I found Clem in the lobby, sitting on a bench that definitely hadn't been there before. His business attire had been replaced by jeans and a t-shirt that read "I SURVIVED CUSTOMER SERVICE AND ALL I GOT WAS THIS LOUSY TERMINATION."

"So," I said, settling beside him. "Clause satisfied?"

"Clause satisfied. Soul reinstated. Congratulations, Mr. Goldblatt."

"What happens now?"

"Now? I suppose I look for work. The gig economy is surprisingly robust for former infernal employees."

I pulled out my phone, scrolling through my contacts. "I know some people. Startups that need UX designers who really understand dark patterns."

"I'd appreciate that."

"So... I get to keep my data plan?"

Clem's laugh was warm, human, free of customer service training. "No. But you have a soul. You might actually use it now."

Fair point.

*******

Three weeks later, I was back to my normal routine: overpriced coffee, existential dread, and the gentle panic of freelance life. Clem had landed a job at a design agency that specialized in ethical technology. He sent me updates occasionally, usually screenshots of user agreements he'd rewritten to be actually readable.

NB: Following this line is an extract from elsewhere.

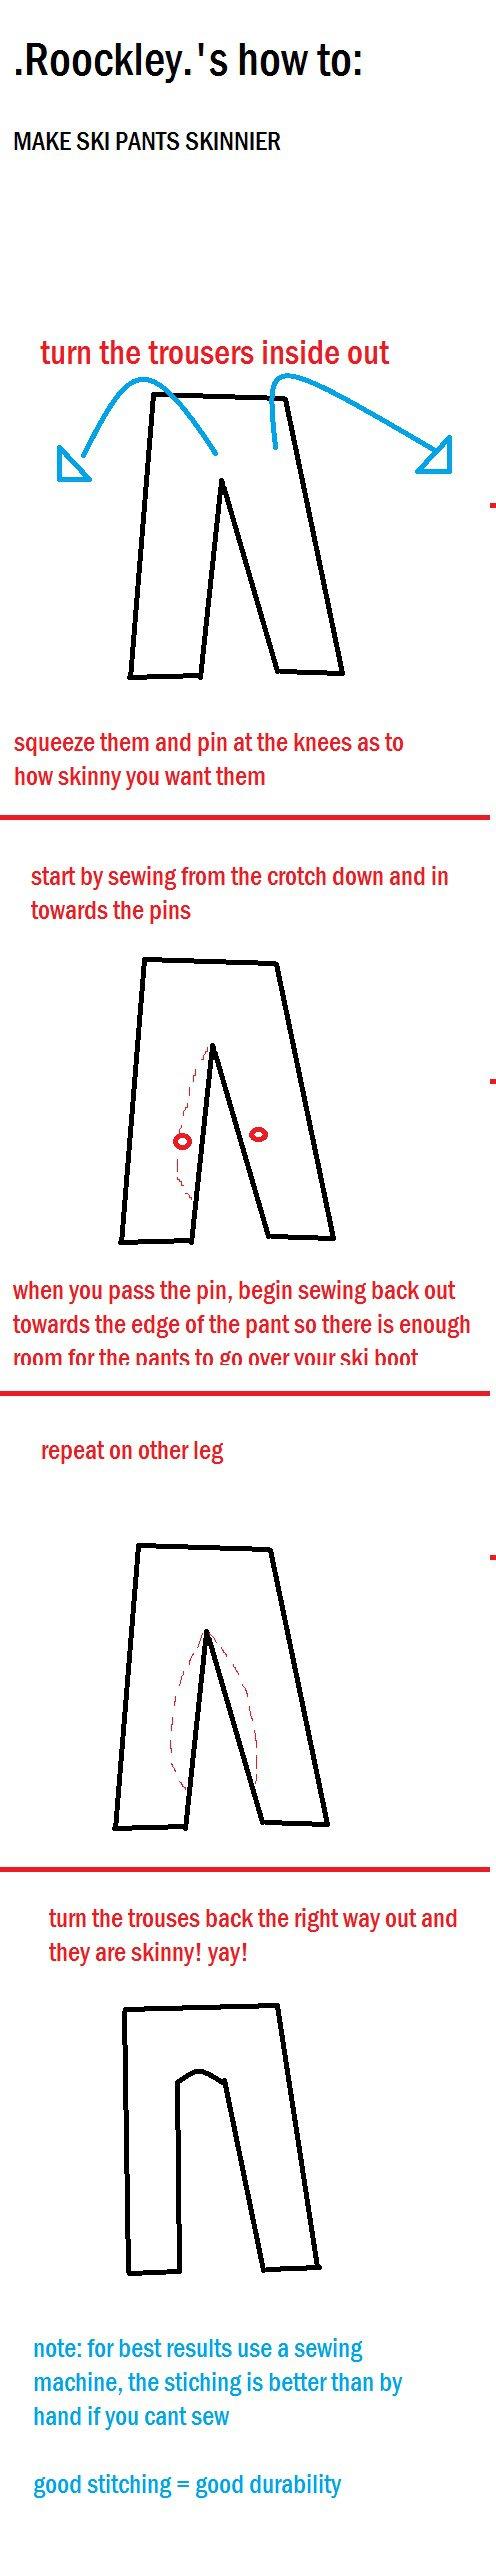 how to make ski pants skinnier

My phone chimed with a new email.

Subject: "LIMITED OFFER: Immortality, Ad-Free YouTube, AND A FREE AIR FRYER!"

The banner ad pulsed with familiar red and gold flames. The checkbox sat prominently above an endless scroll of legal text.

I hovered over it. The cursor remained a normal arrow.

Click "Decline."

The email vanished with a demonic shriek that made my neighbors' dog howl.

Some lessons, you only need to learn once.

I closed my laptop, grabbed my keys, and headed out into the city. Sarah had texted about meeting for coffee—not to get back together, but to talk. To be actual human beings with each other.

I didn’t check my phone for the next hour. I just listened.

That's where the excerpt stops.